Print the whole listing below exactly, skipping every picture.

* **Data provided**
___
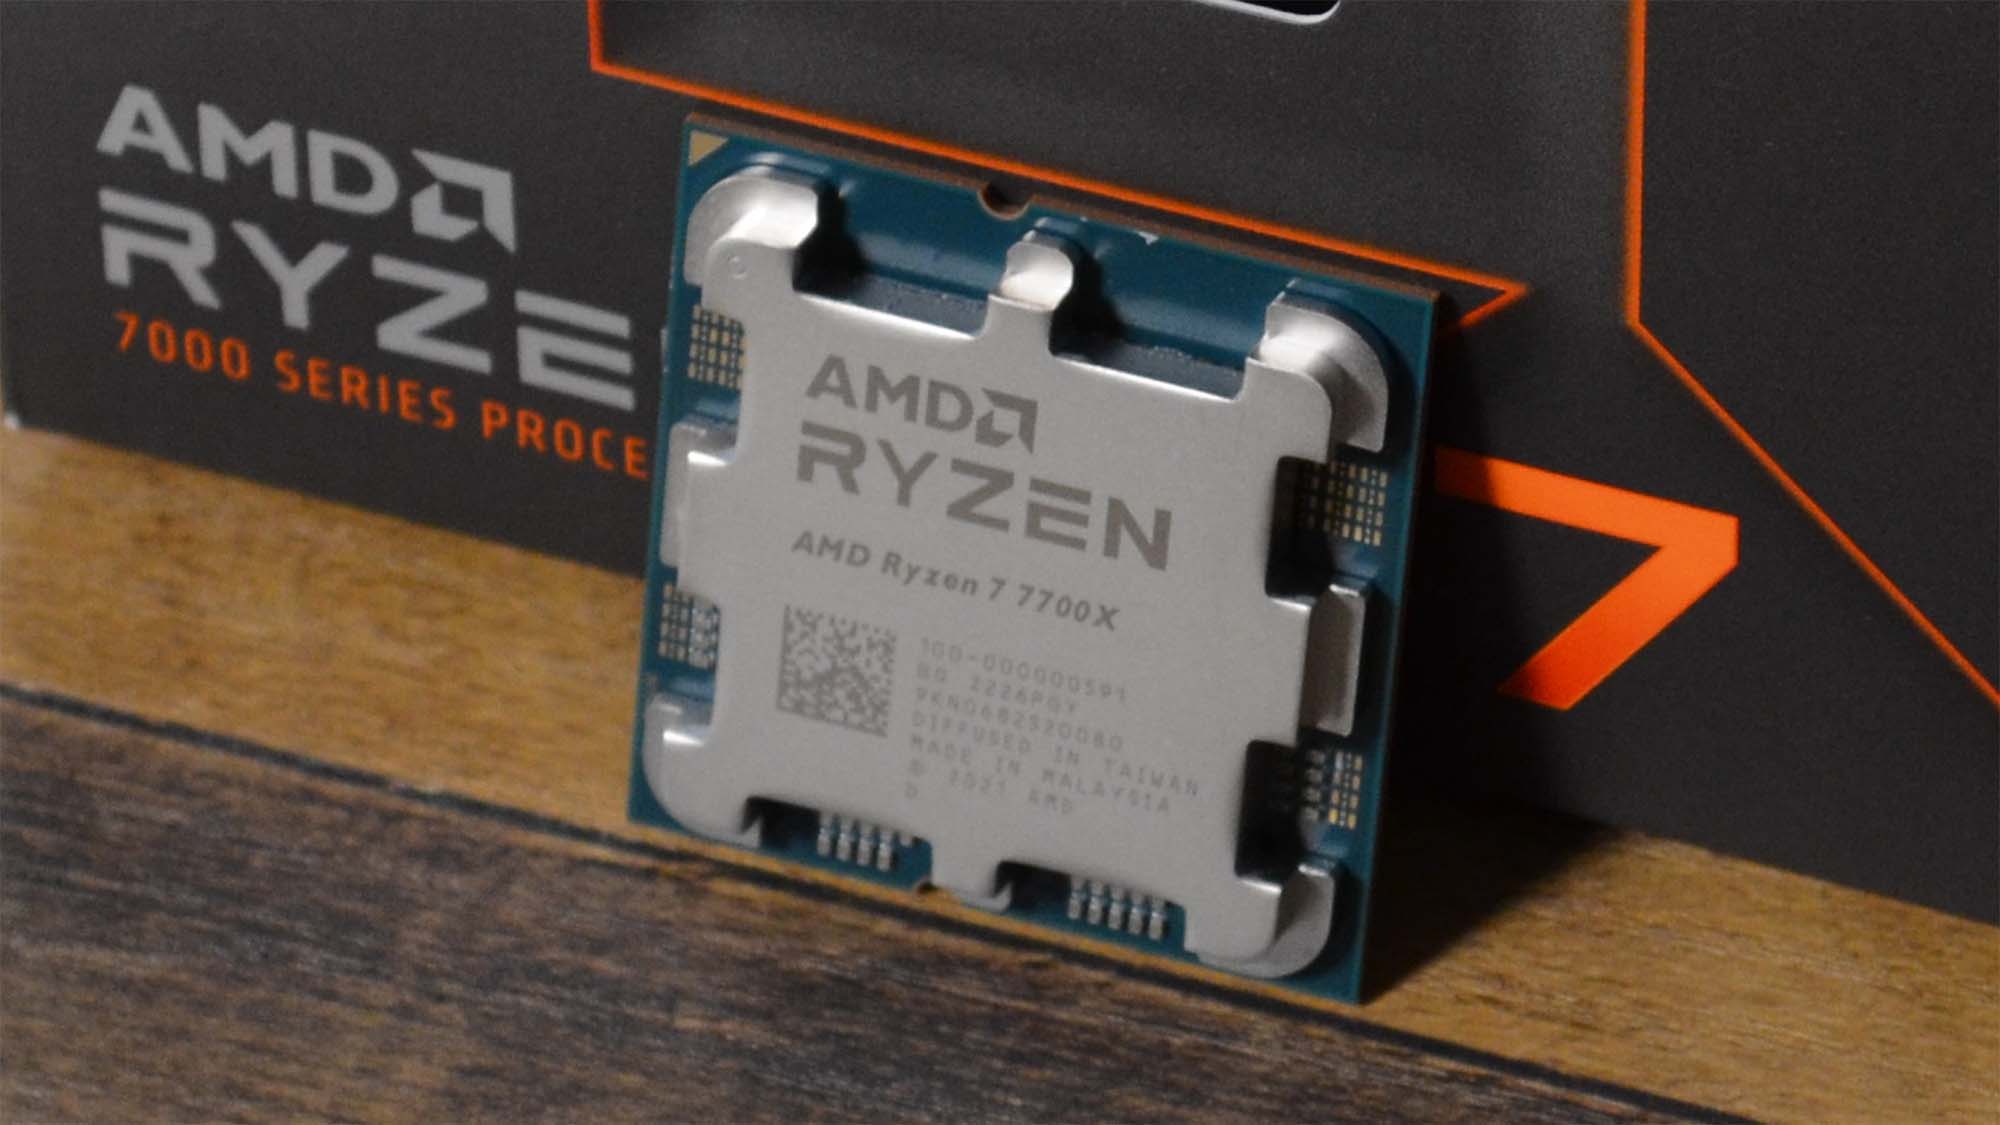 AMD Ryzen 7 7700 processor review (Page 9)
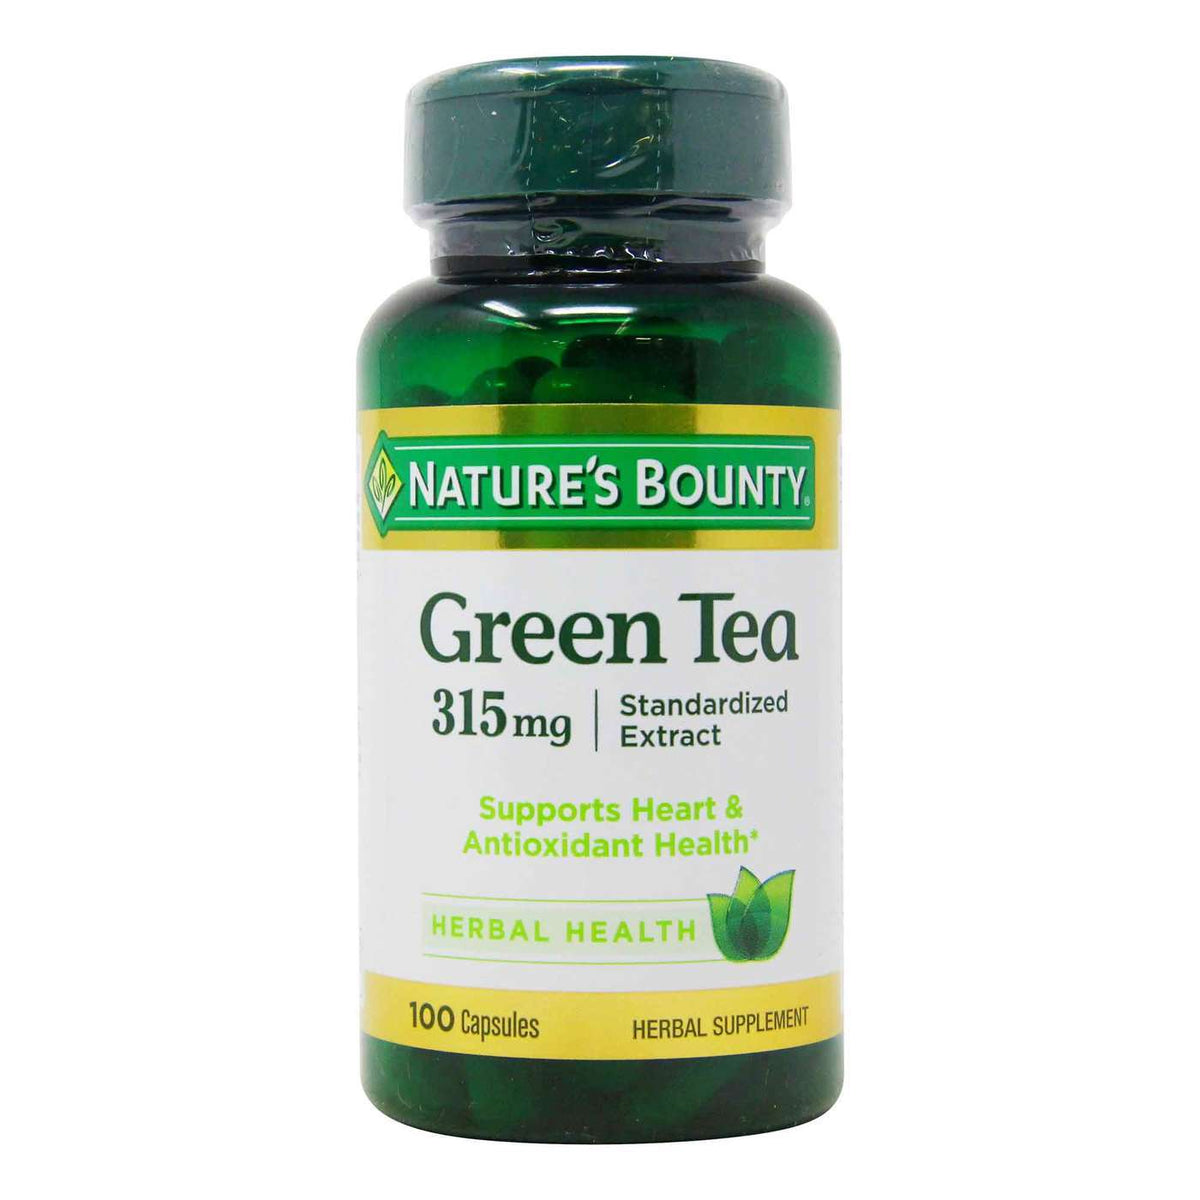 Nature's Bounty Green Tea Extract 315 mg - 100 Capsules
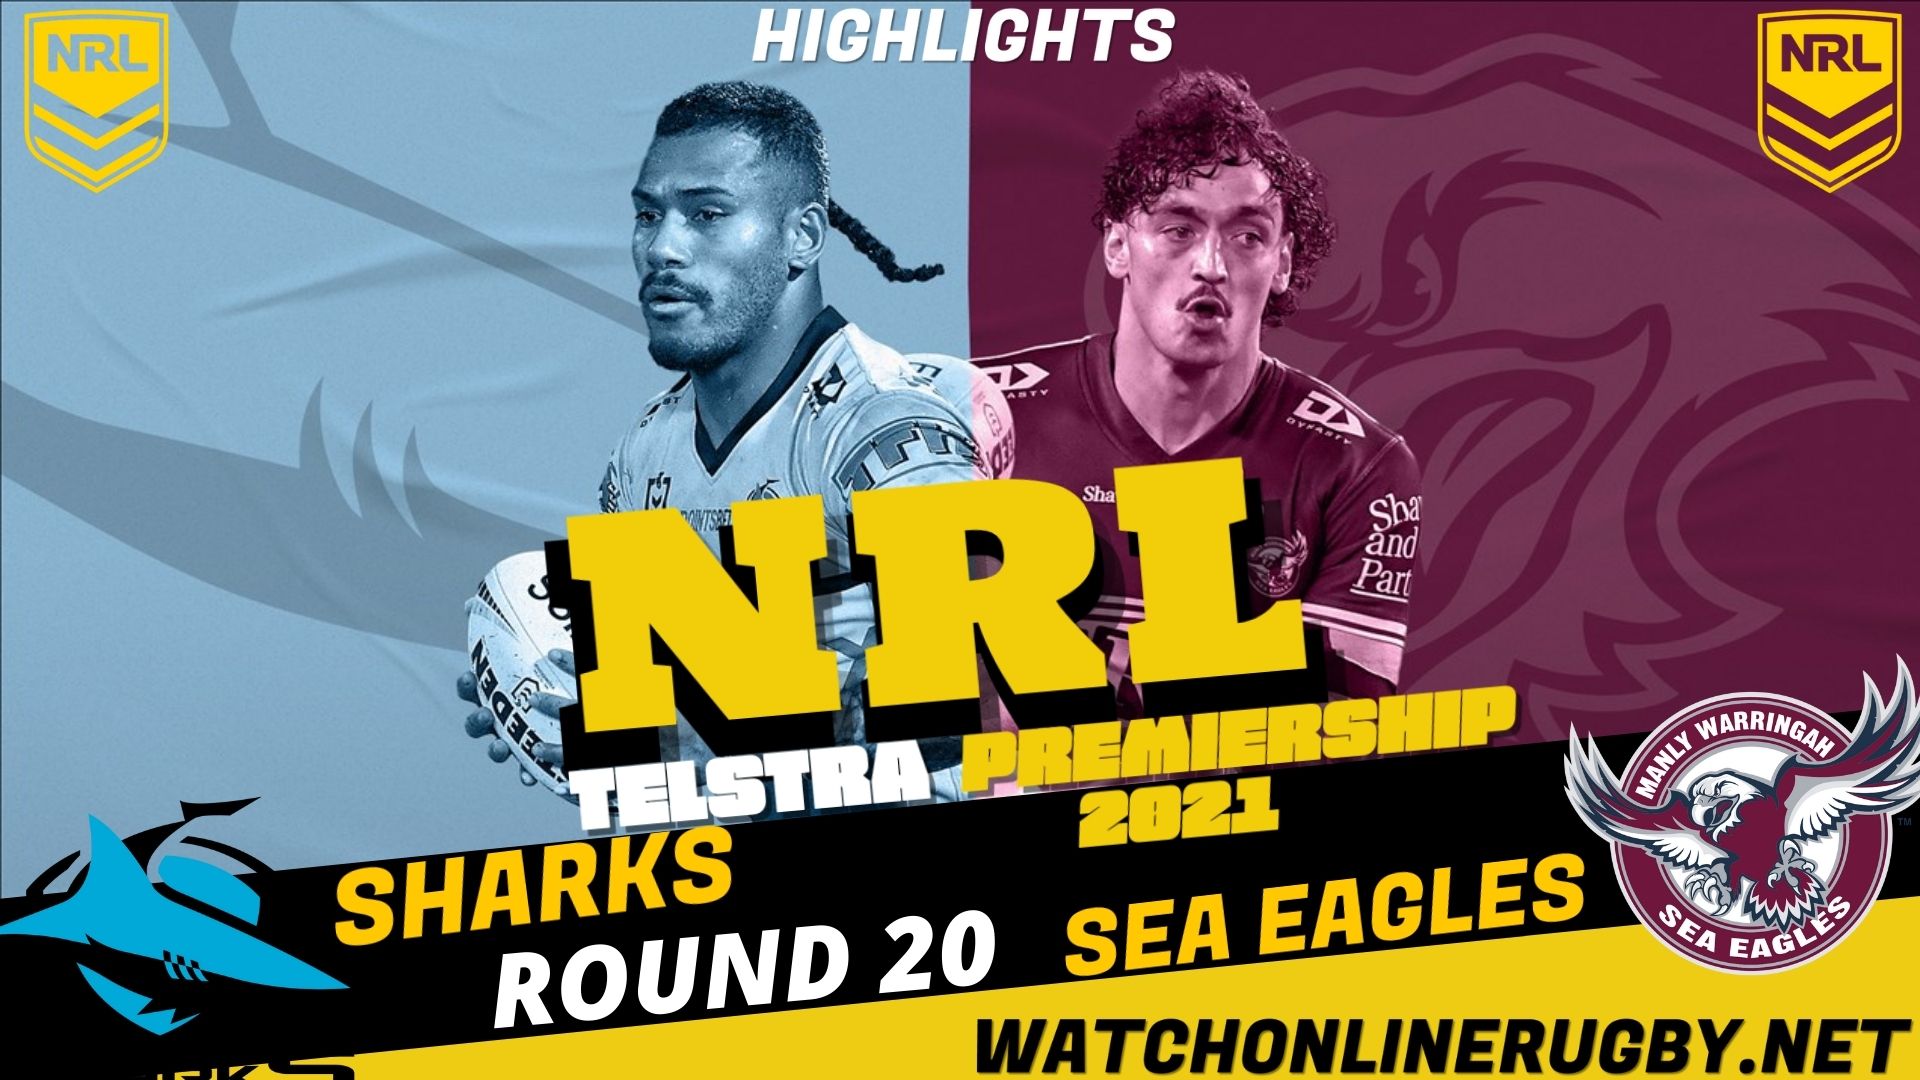 Sharks Vs Sea Eagles Highlights RD 20 NRL Rugby
___
* **Result**
 AMD Ryzen 7 7700 processor review (Page 9)
 Nature's Bounty Green Tea Extract 315 mg - 100 Capsules
 Sharks Vs Sea Eagles Highlights RD 20 NRL Rugby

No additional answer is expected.